France calls for 1-3 per cent CO2 tax on US goods
By Nina Chestney and Aziz El Yaakoubi
MARRAKESH, Morocco, Nov 14 (Reuters) – Germany and the European Commission rejected on Monday a call for Europe to impose a CO2 tax on imports from the United States if President-elect Donald Trump quits a global agreement for fighting climate change.
Trump, who has called man-made global warming a hoax, has pledged to pull of the 2015 Paris Agreement for cutting greenhouse gas emissions, mainly from fossil fuels. Instead, he says he will push ahead and develop cheap coal, shale and oil.
On Sunday, former French President Nicolas Sarkozy, who is seeking to regain power in a 2017 election, urged a tax of between one and three percent on imports from the United States if Trump pulls out.

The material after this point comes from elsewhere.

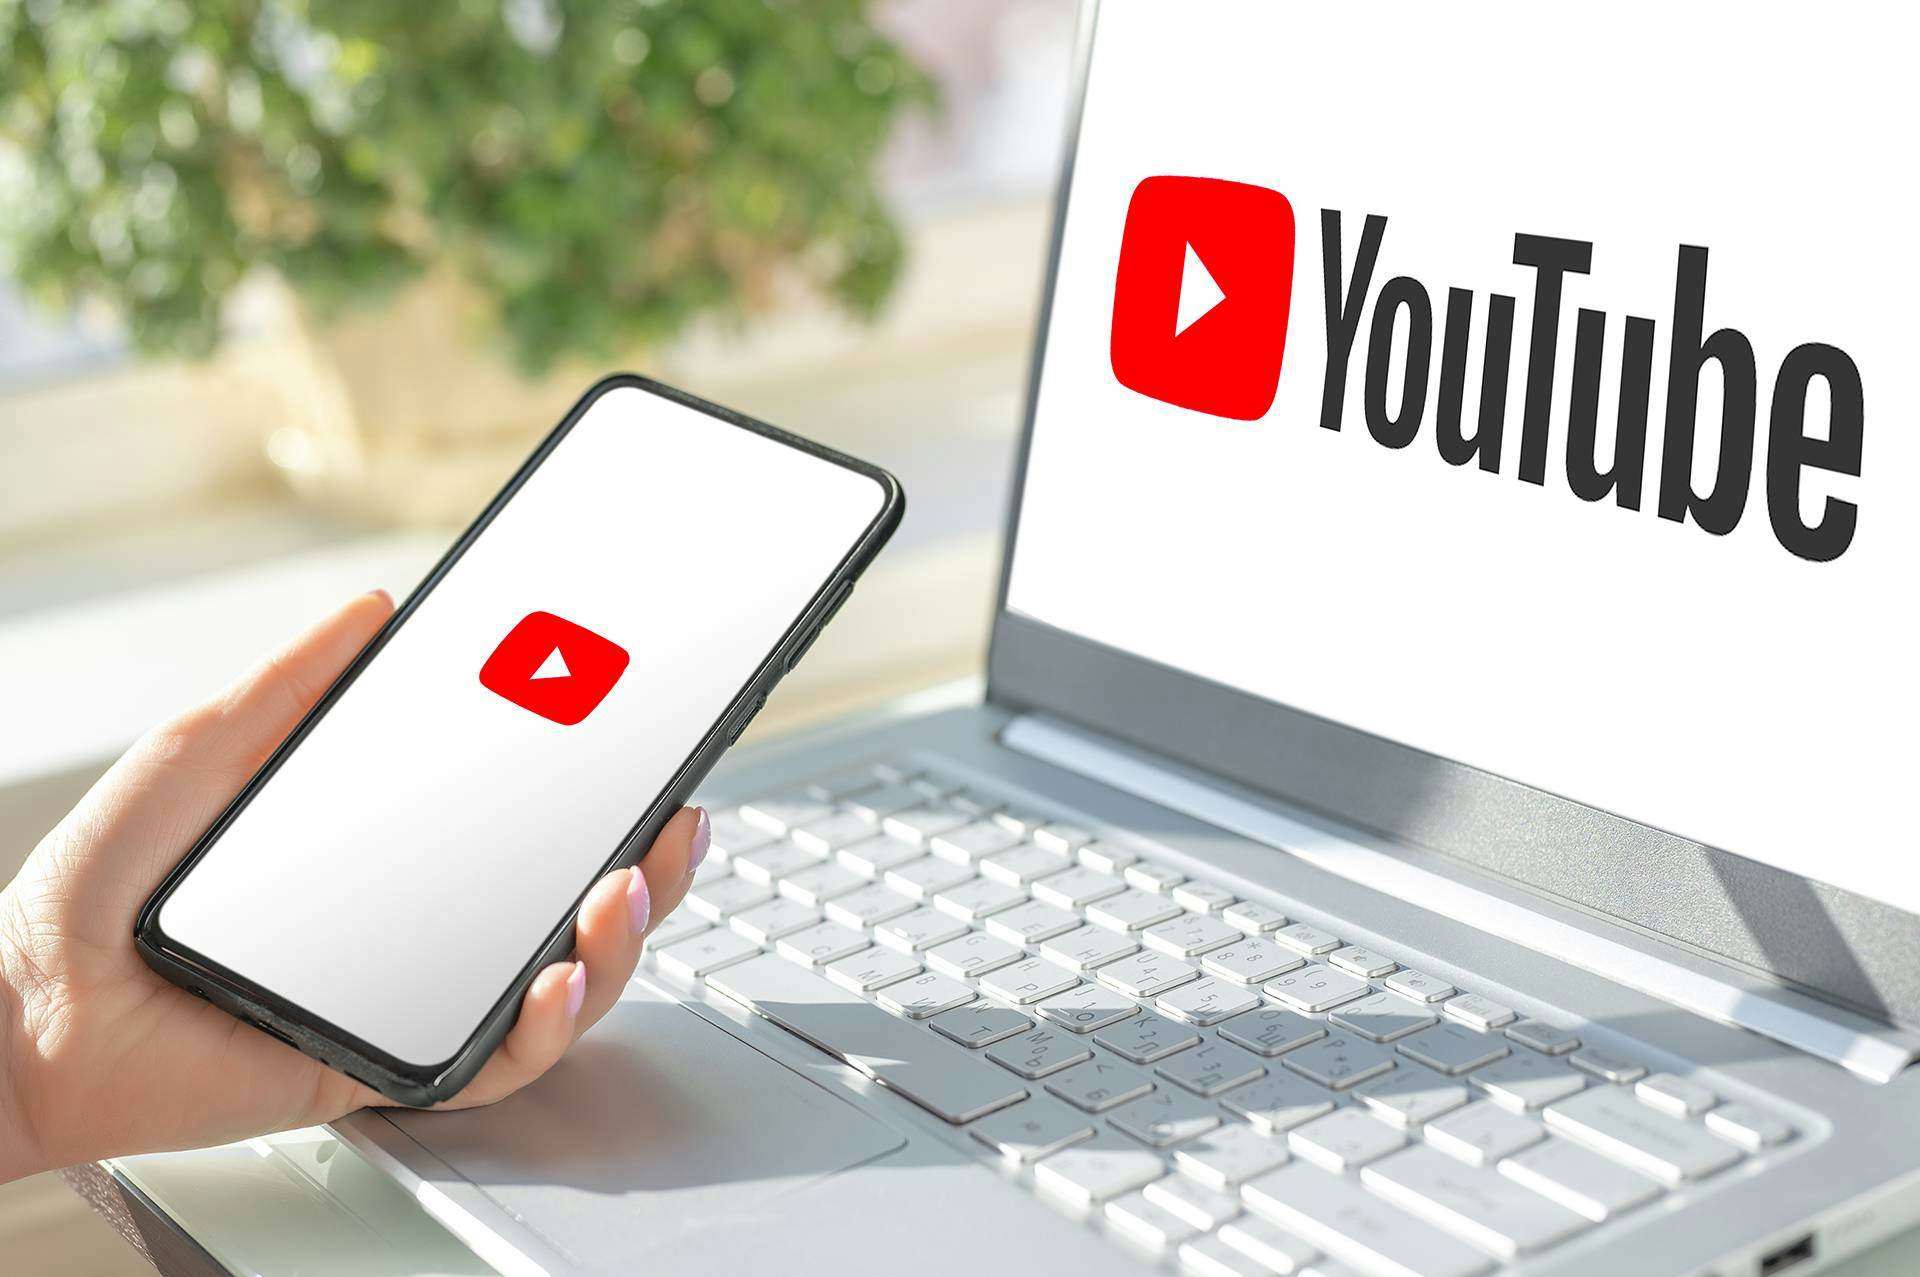 Videózás alapjai tanfolyam - YouTube titkok

“We cannot allow a situation where our companies have obligations (to limit greenhouse gas emissions) but we continue to import products from countries that respect none of those obligations,” he said in a television interview.

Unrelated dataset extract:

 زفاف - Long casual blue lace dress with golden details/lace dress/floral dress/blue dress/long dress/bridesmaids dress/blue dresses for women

But Germany and the European Commission, at an meeting of almost 200 nations in Marrakesh, Morocco, on ways to implement the Paris Agreement, rejected his call.
“Germany has decided not to go down this path but opt for emissions trading,” German Environment Minister Barbara Hendricks told a news conference.

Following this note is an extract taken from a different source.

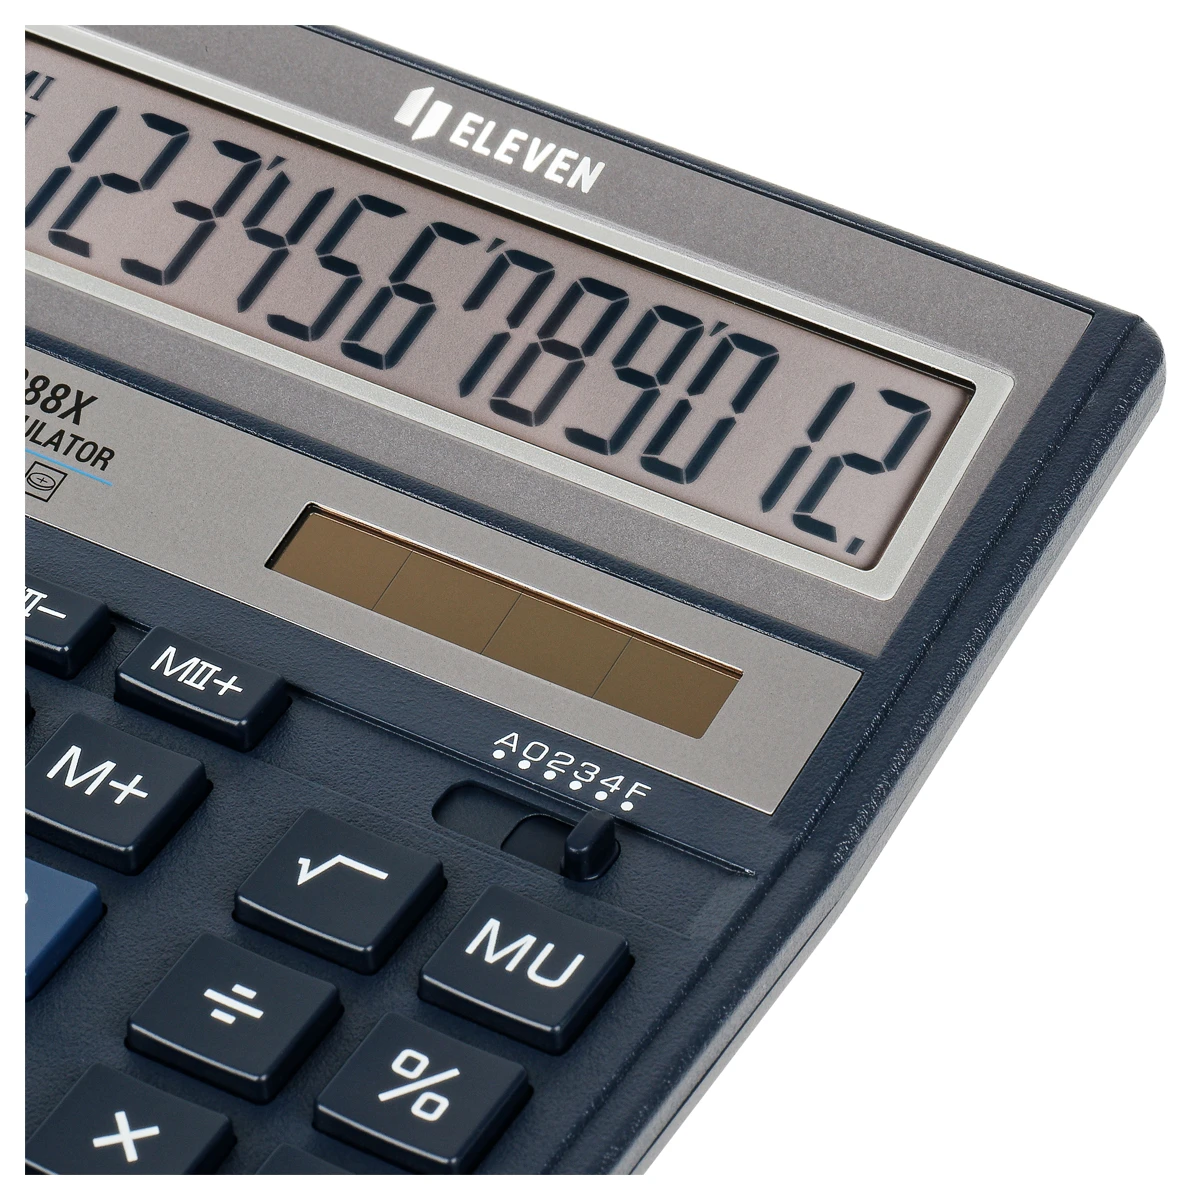 Калькулятор настольный Eleven SDC-888X-BL, 12 разрядов, двойное питание,

“We have always said we didn’t like carbon taxes – both before the U.S. election and after. The European Commission is not thinking of any proposal on a carbon tax,” Climate Commissioner Miguel Arias Canete told reporters.
The European Union penalises greenhouse gases via a market, which traded on Monday at 5.4 euros ($5.79) a tonne of carbon dioxide emitted, as part of efforts to limit emissions blamed for stoking heat waves, droughts, storms and rising sea.
Both Hendricks and Canete said further reforms were needed to the Emissions Trading System because the current price was too low to drive a fast shift to greener energies from fossil fuels.
U.S. Climate Envoy Jonathan Pershing said it was too early to speculate about European border taxes. “I think people are holding judgment about what the future will hold,” he said.
And Pershing said other countries would push ahead with the Paris Agreement, which seeks to phase out net greenhouse gas emissions between 2050 and 2100, irrespective of Washington’s policies under Trump.
“The change in the U.S. will not change the actions of others,” he told a news conference, saying that nations such as China, the European Union, Mexico and Canada had all said they would push ahead.
A source on Trump’s transition team told Reuters that the president-elect was looking at options that could allow the United States to pull out within a year, short-circuiting a theoretical four-year wait laid down in the Paris Agreement.
Asked about Trump’s legal options, Pershing said: “I don’t really have any good insight for you.”